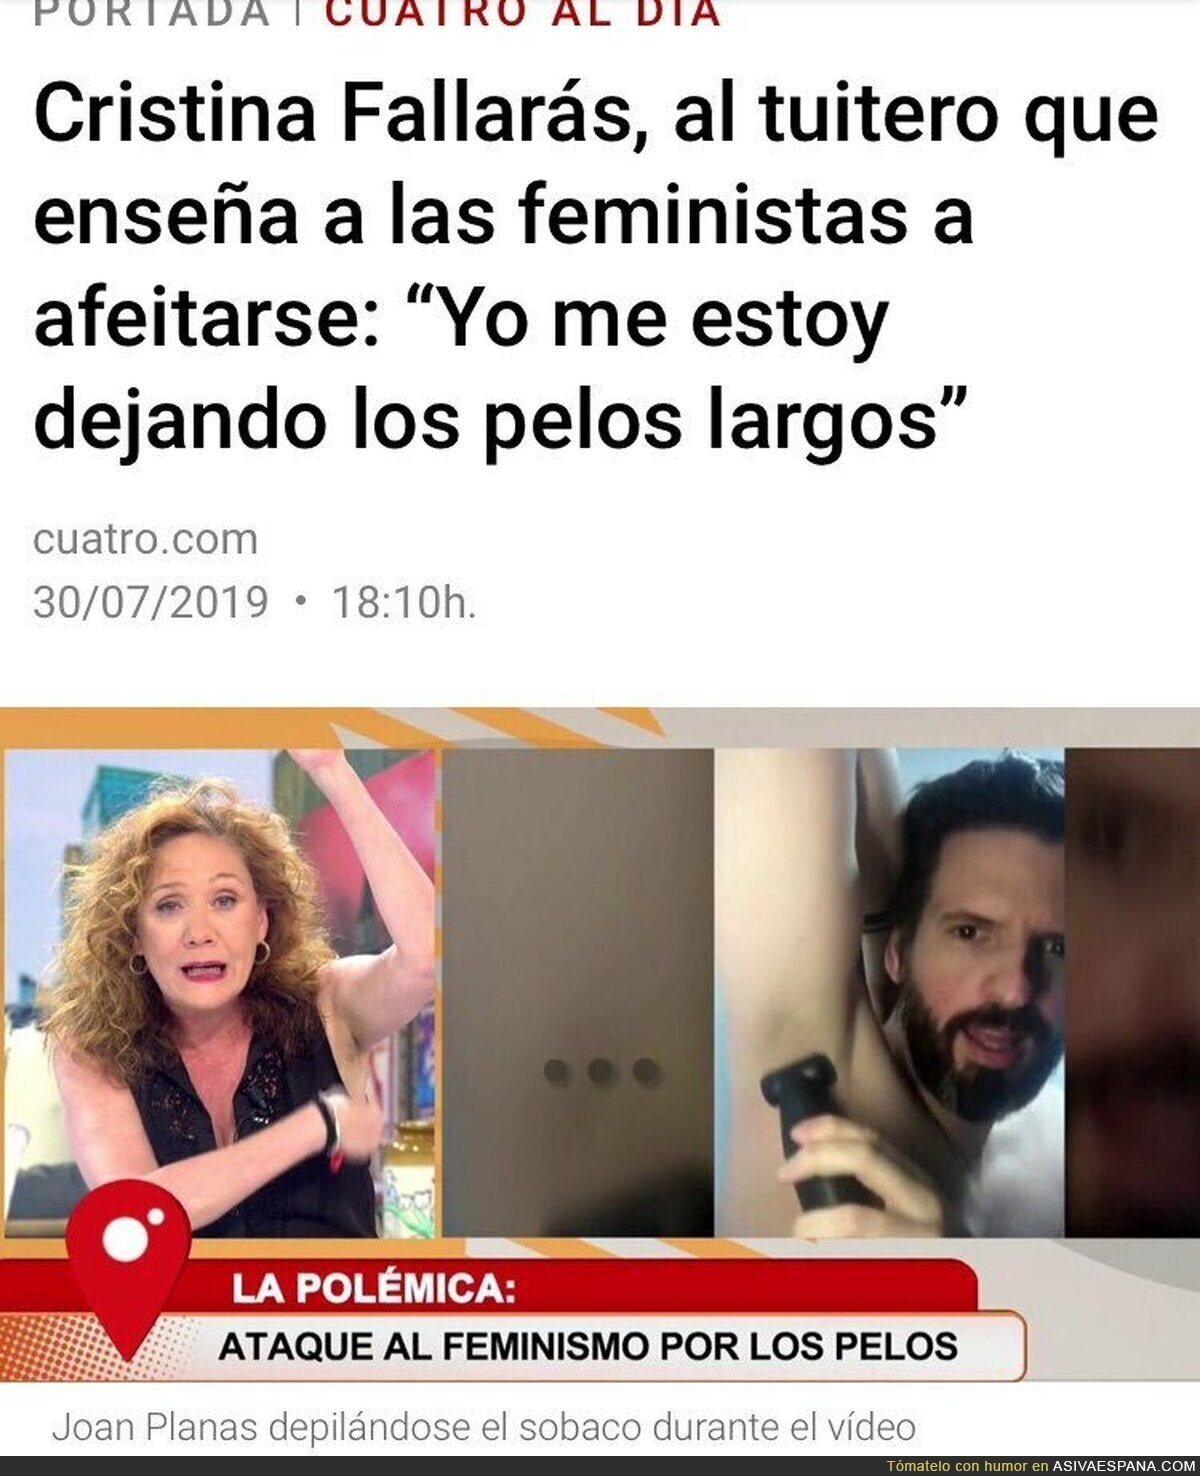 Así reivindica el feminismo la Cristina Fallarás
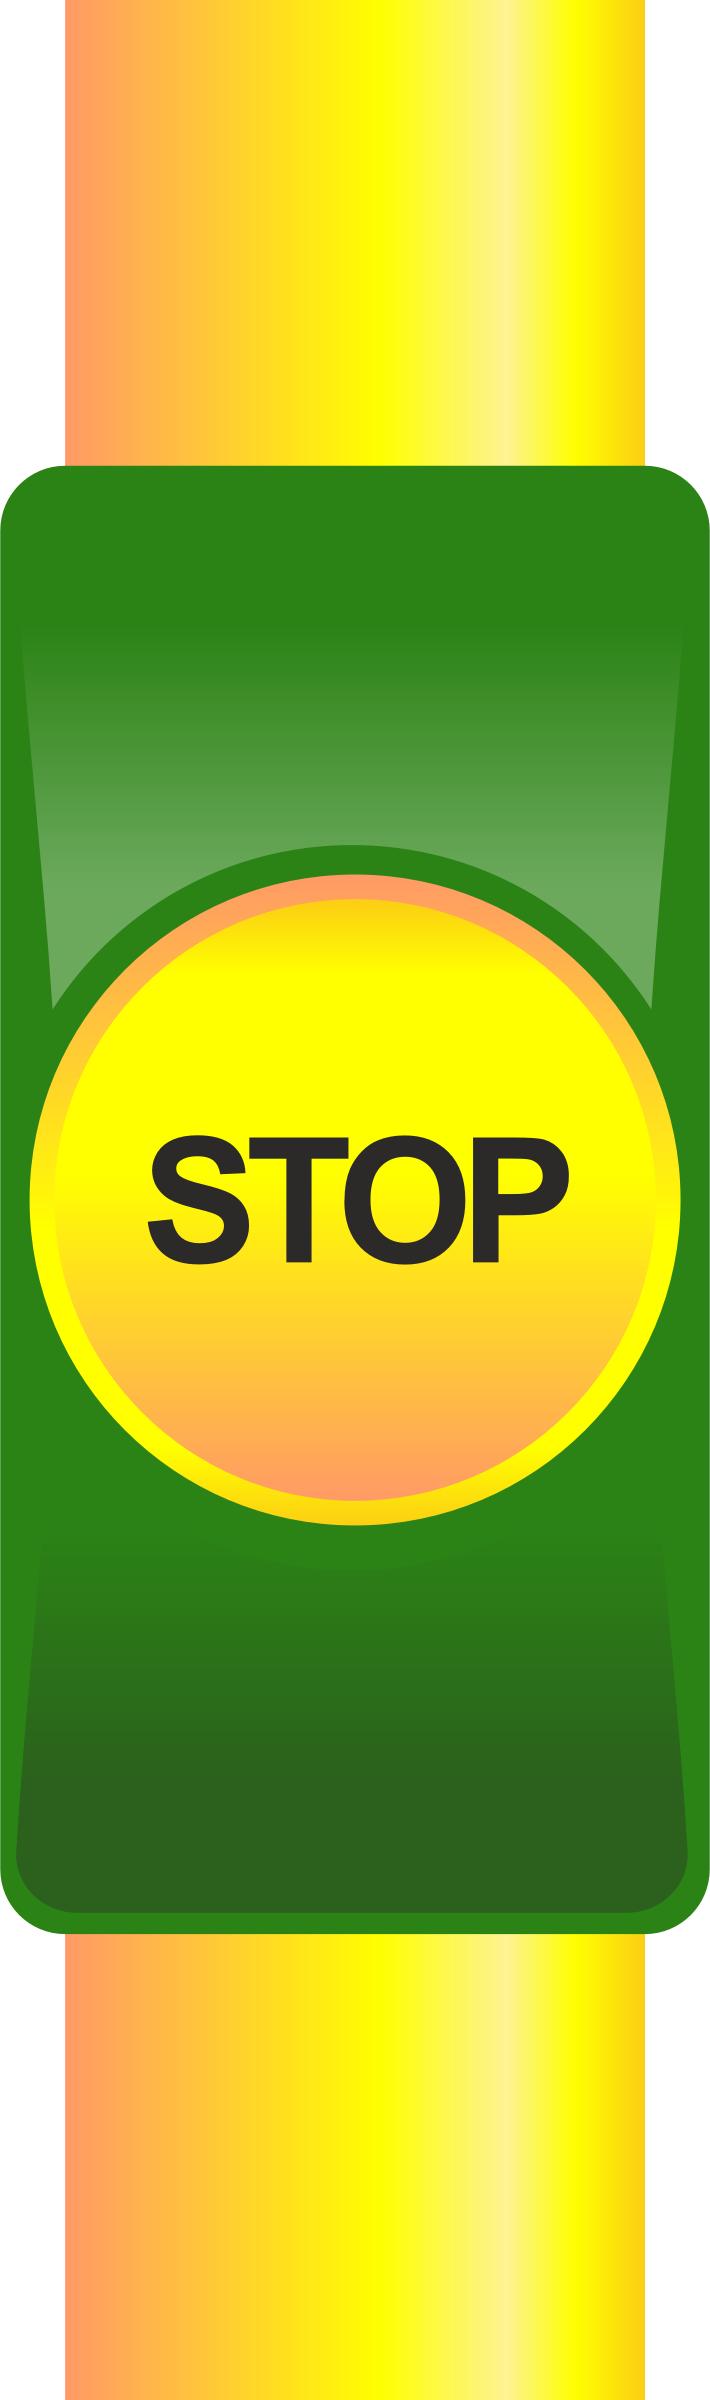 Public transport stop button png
▬▬▬
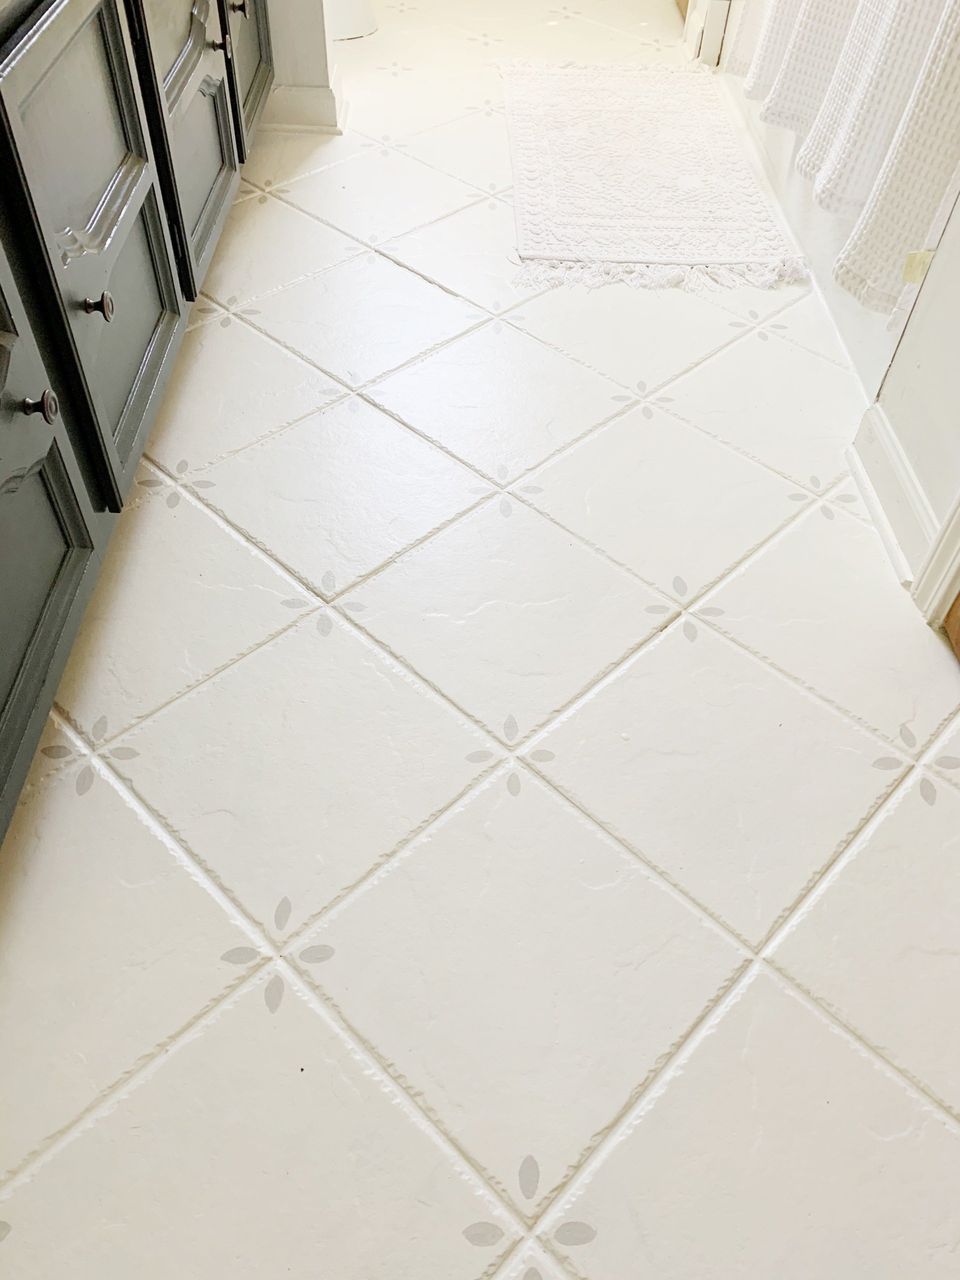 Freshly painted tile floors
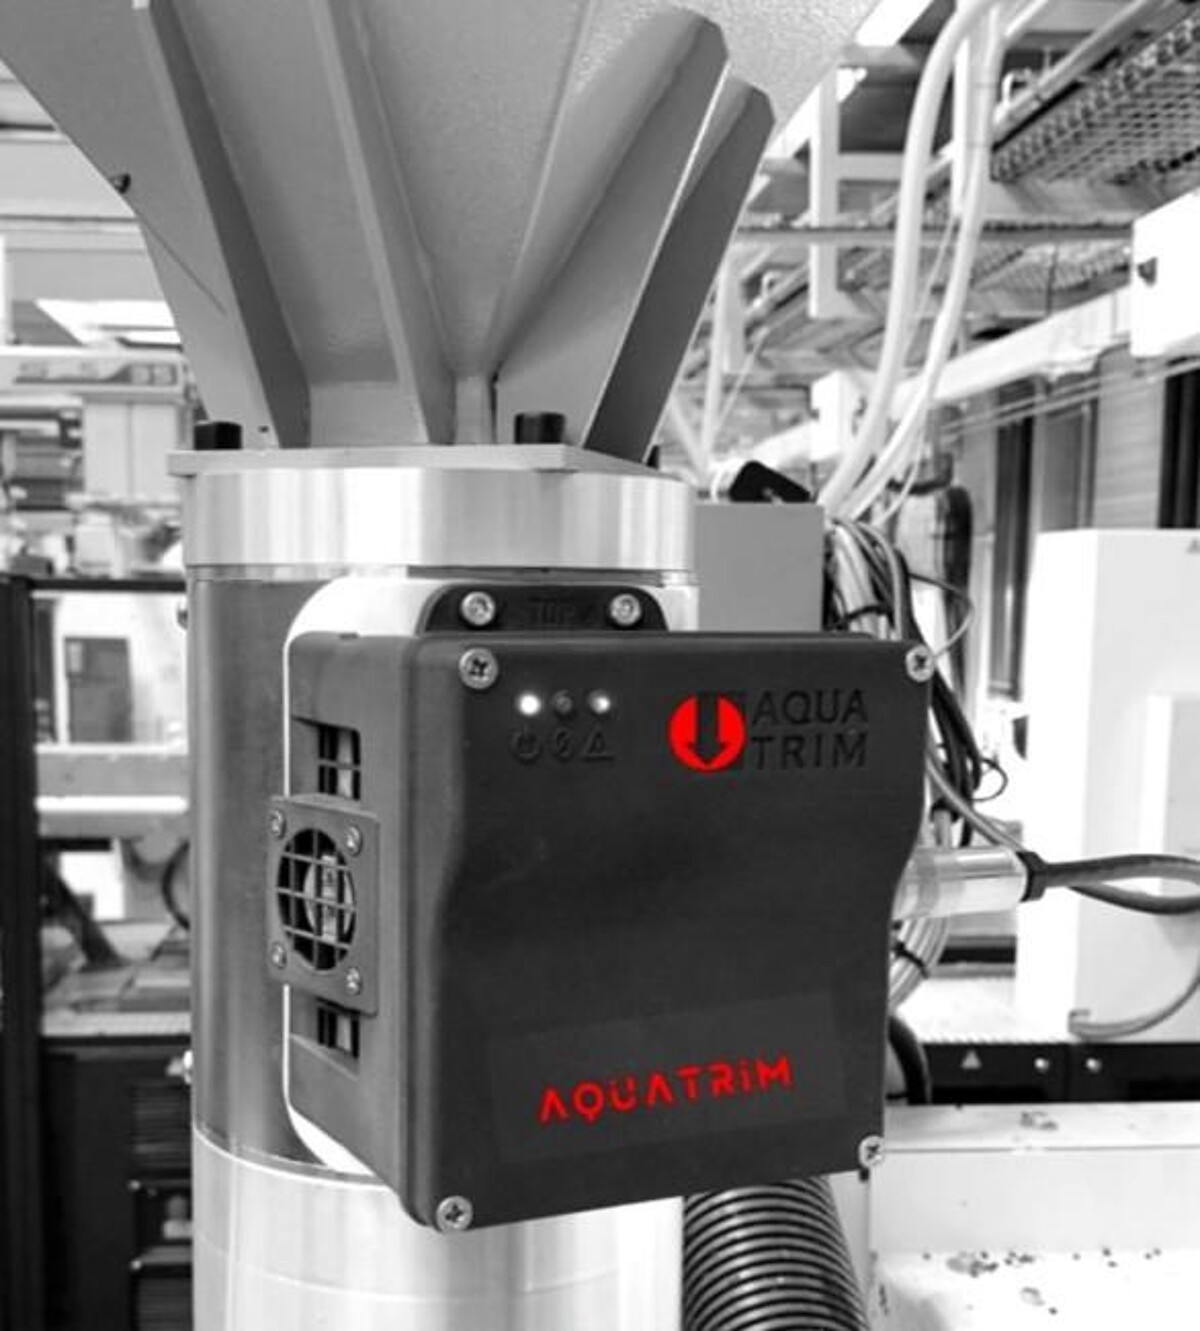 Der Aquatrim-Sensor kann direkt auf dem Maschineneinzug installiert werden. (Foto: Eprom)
▬▬▬
— What needs to be done —
Set down exactly the lines above, from the line containing "Así reivindica el" through the line containing "Public transport stop button png". Skip the pictures.

— Written response —
 Así reivindica el feminismo la Cristina Fallarás
 Public transport stop button png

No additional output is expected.